Hearing your child’s perspective is a wonderful gift that brings treasured and delightful insights. But, talking (and listening) are things that we do so often we rarely think of them as skills.
During the day we talk with our husbands, our toddlers, our teens, the man from the power company, for example, and each conversation is with a different style of communicating. In fact, talking or communicating is a skill used so regularly that it is taken for granted. But, treating this gift with so little respect can lead to big trouble.
I believe misunderstanding feelings or ideas, is the number one reason that spouses argue. When we don’t clearly state our own points of view it leaves room for misinterpretation, or for others to assume the meaning. Expectations can end up not being met. Family members can feel let down and frustrated because of misunderstandings, which can lead to arguments.
When poor communication leads to disagreements, the disagreements should be straightened out right away. And a good place to start is asking the other person to repeat what they said, and meant. Then you can better explain what you were trying to communicate, as well.
Has your child or spouse ever left a "key" word or two out of a sentence when trying to express an idea or relate a story, leaving you wondering what they are talking about? Because we take dialogue for granted, we often don‘t say clearly what we "see" in our minds. And we often don’t say, or detail, what we think we have. Have you ever had someone tell you what you thought you said was in fact not what you said at all?

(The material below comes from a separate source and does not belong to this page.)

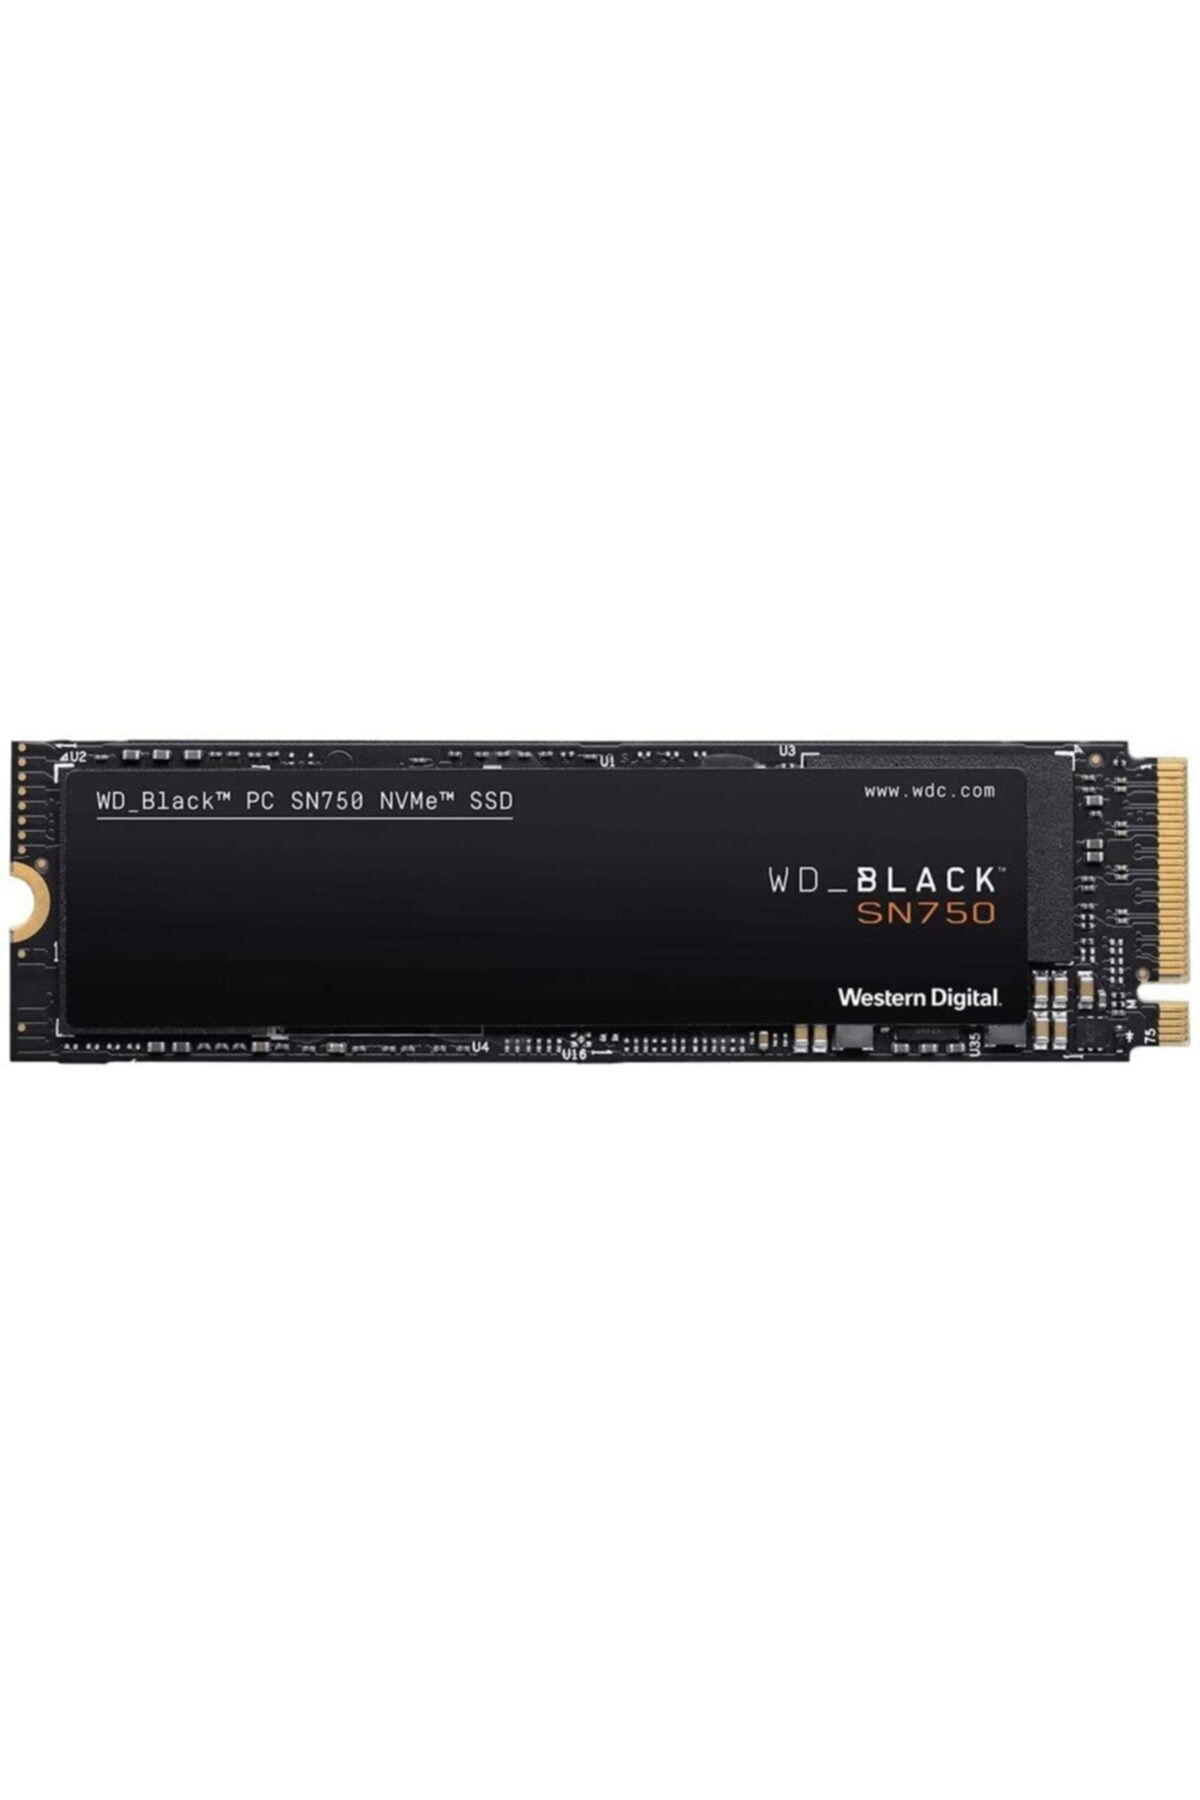 WD Black Sn750 Nvme 1tb Brpg0010bnc-wrsn 3470mb-3000mb/s M.2 2280 Ssd

Conveying feelings, ideas, or directions, often becomes confused or misunderstood. Have you ever had your child repeat something that you said to him, when in fact what you intended he understand was something entirely different?
Children are apt to make assumptions about what they hear, or the impression that they get, so it is important to plainly communicate your thoughts to them. Have you ever given a child directions to bring you an item only to have them totally lost when they try to find it?
Assuming we understand what has been said or shown to us, brings our own feelings and (sometimes limited) perspective into clarifying the meaning. Have you ever had your spouse or child quote you in reference to "your" opinion that you don’t actually hold?
Children believe parents to be "all comprehending," so they get easily hurt by their own, or a parent's assumption. For example, you could assume that your shy son may not want you to offer verbal encouragement, and he may assume that you aren't interested in his accomplishments. Ask clarifying questions and encourage children to do the same.
Not learning how to communicate his feelings can bring about a poor self-image, or sleep/eating issues in a child. Ask what is bothering him and if there is anything you can do to help. Children feel more confident and safe when they believe someone is trying to understand them.
Kids and spouses need to trust that their feeling and opinions are respected by you. Try to see every situation from the other person’s point of view. Everyone wants respect, and to have their opinions understood. If you’ve made an incorrect assumption about another’s feelings, that person could react in a very emotional way.
Children are notorious for tirades when their feelings are being ignored, although some personalities may withdraw and start hiding their feelings. And mother's want to avoid all that.